Each of the guests professes to, if not embracing, then certainly accepting and making the best of her age.
Teri Hatcher says, “We need to hear that beauty is encapsulated in the whole of a being, not just a flawless, perfect moment captured for the cover of a magazine.”
Cybil Shepherd says, “I was scared that when I got older, I would no longer be valued. You were disposable in this disposable culture.” Shepherd now says she has since discovered that her value exists in her inner wisdom, and that she strives to find things she loves about her body every day.
Linda Evans says, “What you look like has nothing to do with what you think about yourself, and that’s where we get confused. The outside has nothing to do with the inside. And the thing that’s so mysterious to me is everything we’re basing our value on is outside of us. I’m happier because I don’t define myself by what other people think. You get older and wiser, that’s the great thing about aging. You get more certain in yourself and who you are and what you want.”

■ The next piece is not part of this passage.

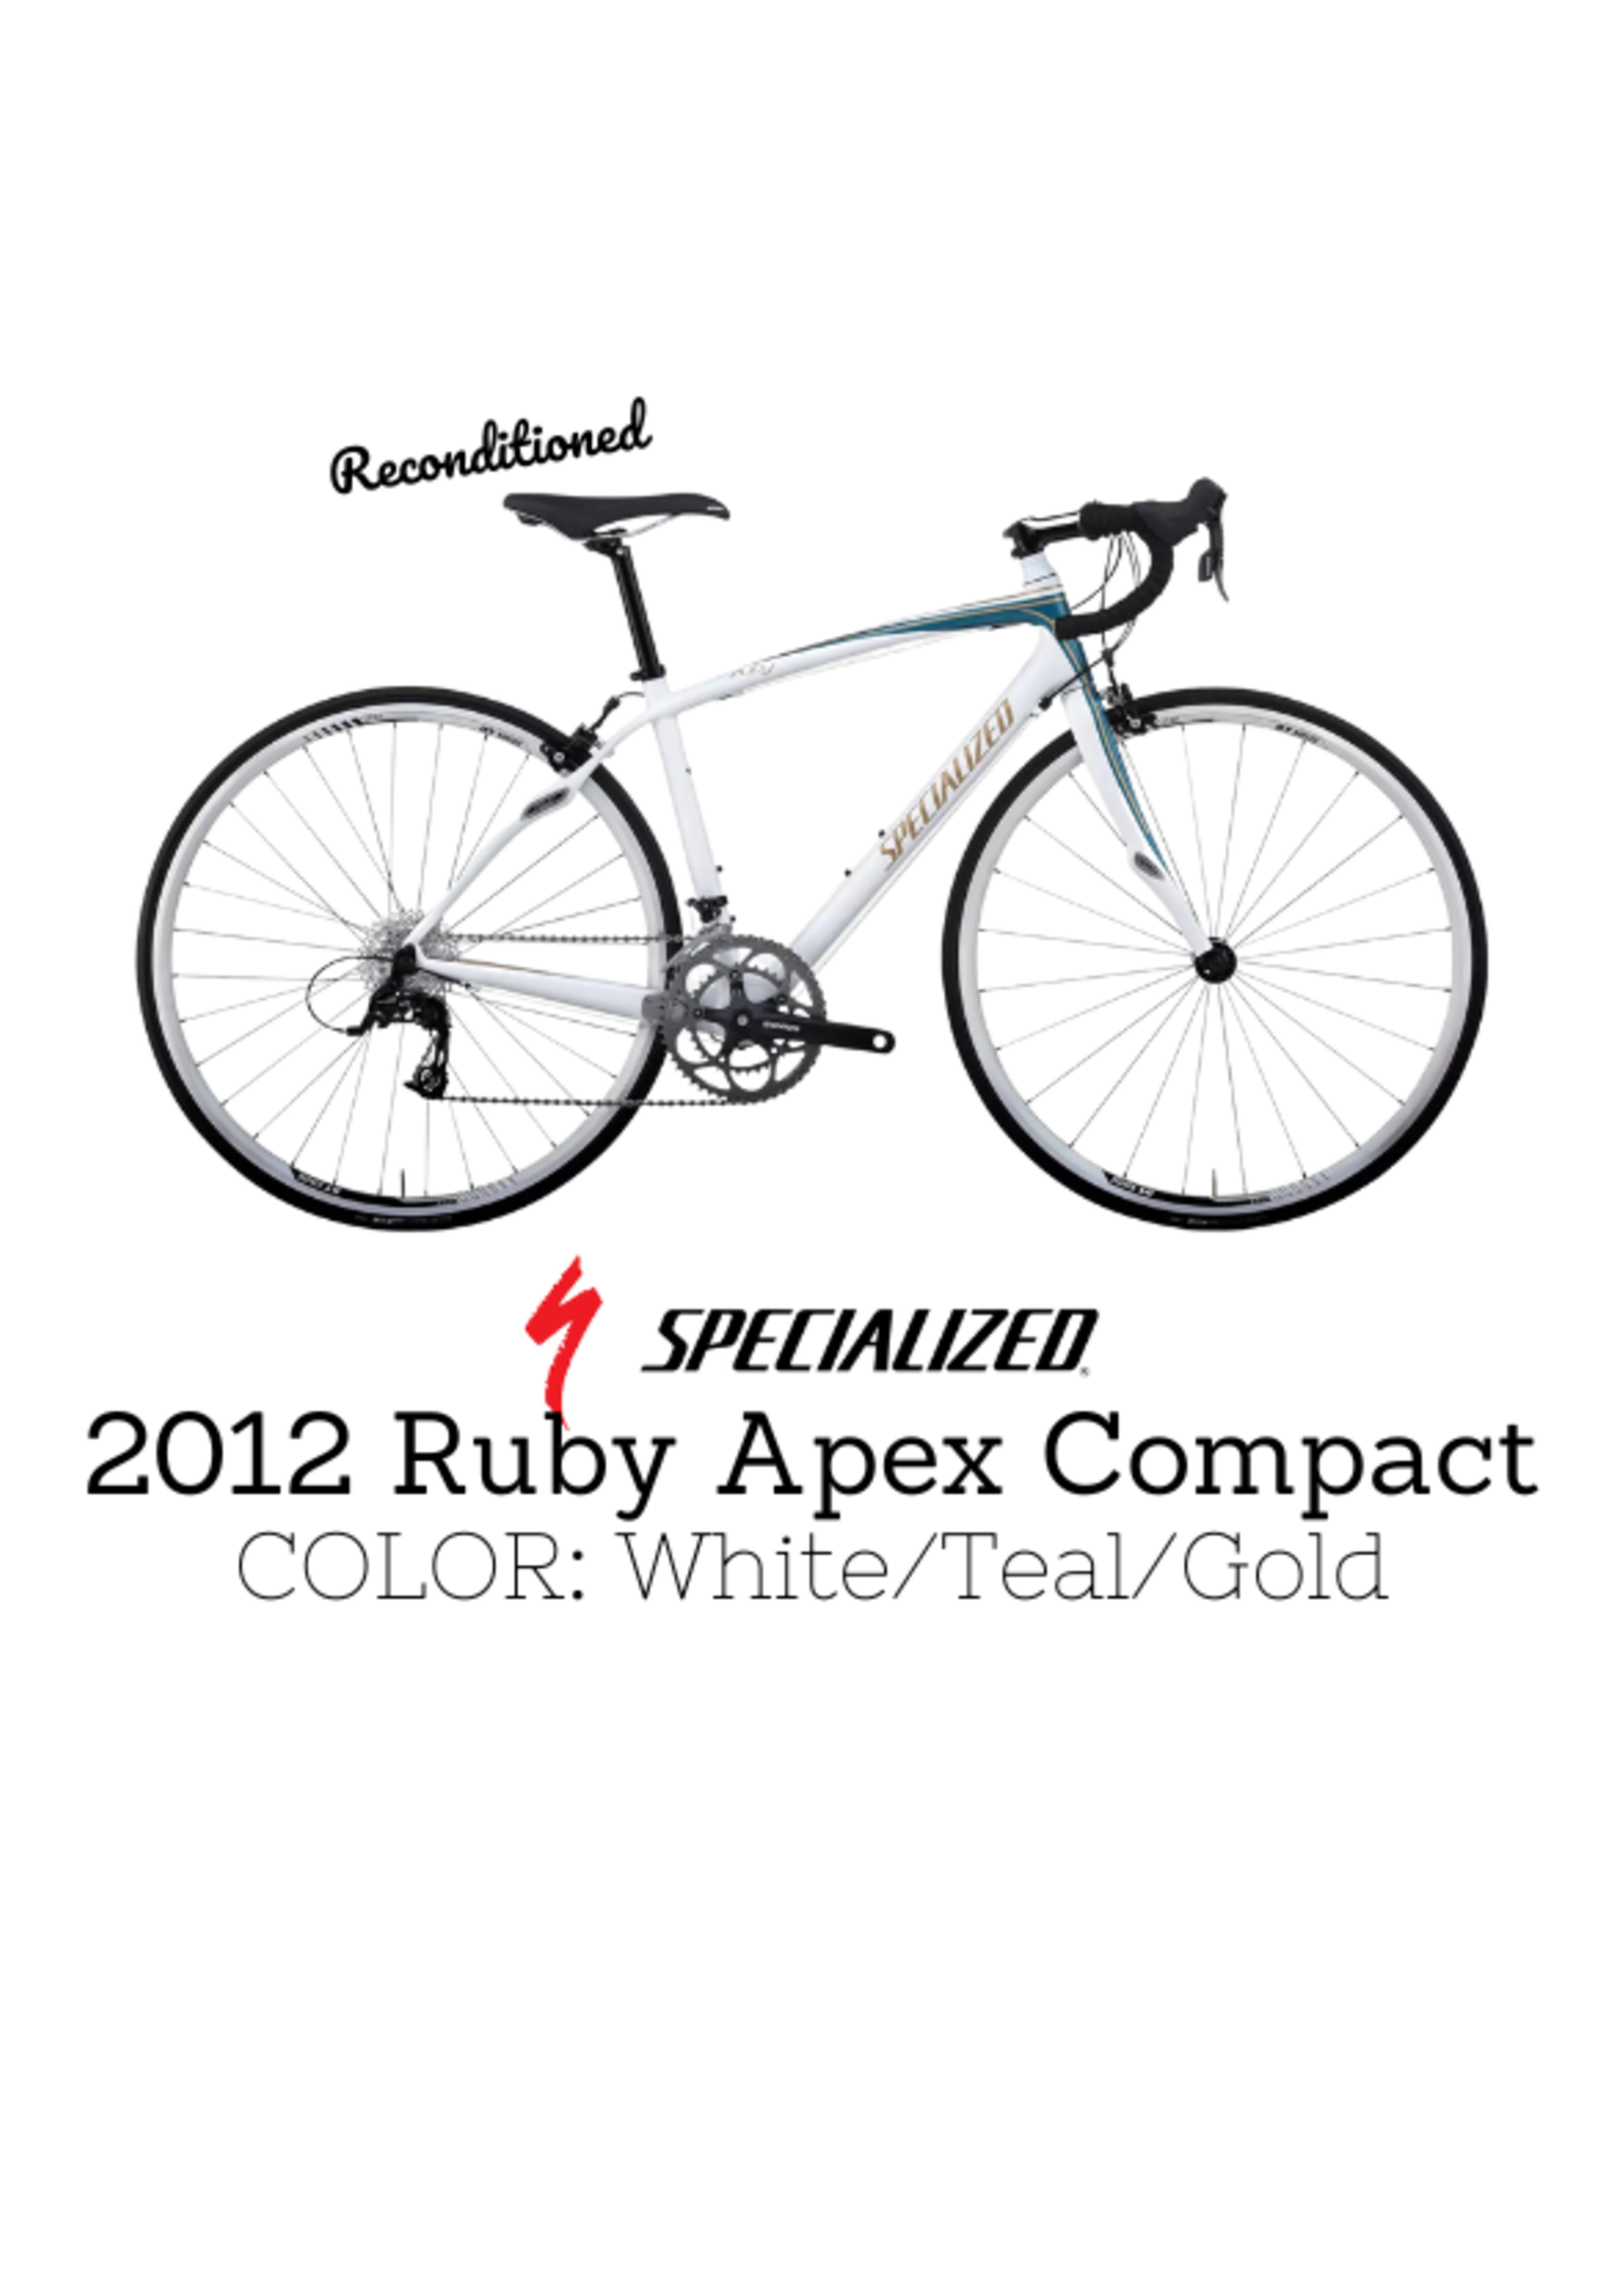 Specialized Reconditioned 2012 Specialized Ruby Apex Compact 48

In spite of all this bravado, I was struck by how, um, processed these 4 women looked. I wondered how long it took them before the show to have their hair and their face done. And I wondered if they were just talking the talk. They’re all saying that they’ve accepted the aging process with as much grace as they can muster, yet their highly polished appearance makes me wonder if they’re authentic, you know?

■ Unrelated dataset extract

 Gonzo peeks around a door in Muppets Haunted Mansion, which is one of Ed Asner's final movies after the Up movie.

Their words were wise, absolutely. I hope they actually lived their words when they weren’t on a TV show as a guest. They were an inspiration to any of us with qualms about aging, absolutely. I hope they actually believed their own words when they’re at home. I hope they spend most of their time at home wearing no makeup with unstyled hair, just like I do. I hope they wear ‘comfy’ clothes that they’d never wear outside their house, just like I do. And I hope they have a good level of comfort doing that, just as I do.

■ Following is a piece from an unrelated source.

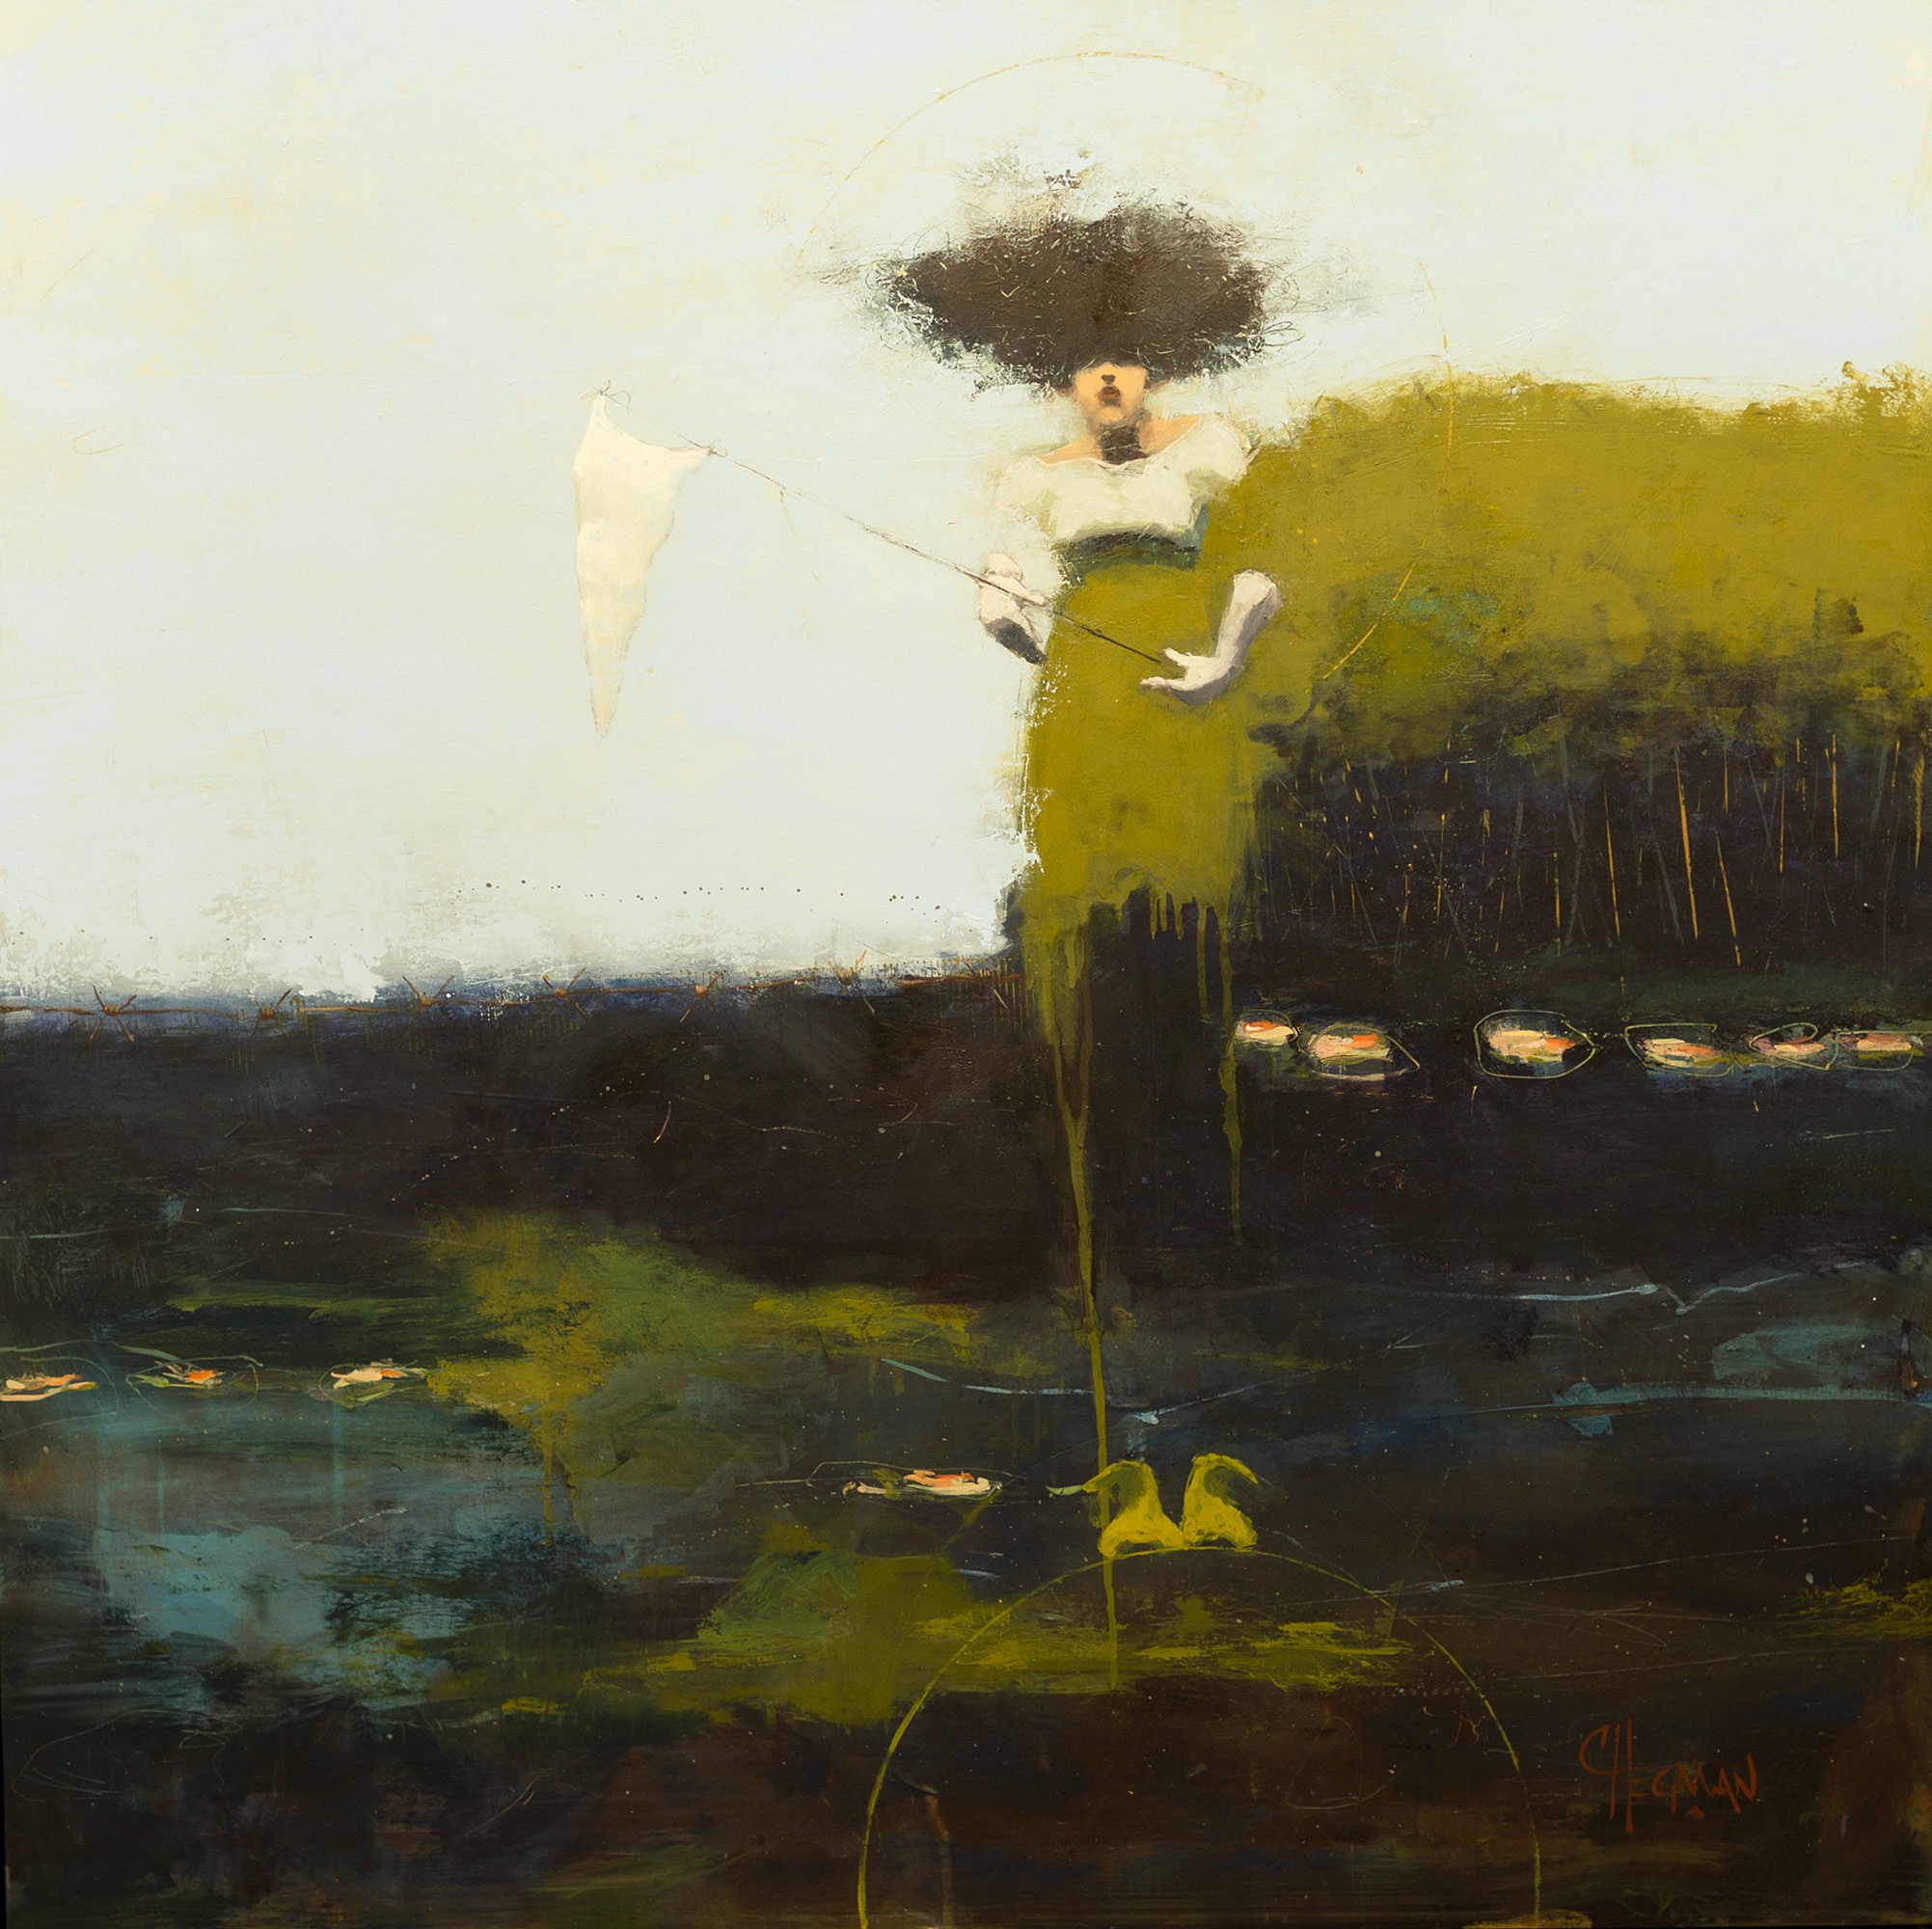 PRESS RELEASE: Visionary - Cathy Hegman Solo Show, Oct 16 - Nov 30, 2020

However, if you go to Oprah’s website, you’ll see a picture of her in the top corner, her logo…
www.Oprah.com
Am I looking at a 56 year old woman who hasn’t been airbrushed, retouched and digitally modified? Am I looking at a woman who looks like the rest of us do at 56? Or am I looking at a woman who seems to be walking into an omnipresent wind tunnel to make her hair look like that? And am I looking at a photo of the same woman I see on her TV show? There’s such a difference that I have to question her own dedication to aging with grace and wisdom.
My point is that even though all 4 of these beautiful women, beautiful in so many ways, even though they all profess to learning our inner beauty, aren’t they each still over-trying their outer beauty?
Am I suggesting that these 4 or any of us stop trying to look our very best? Never. I just think there might be a smaller gap, chasm even, between what I say and what I do.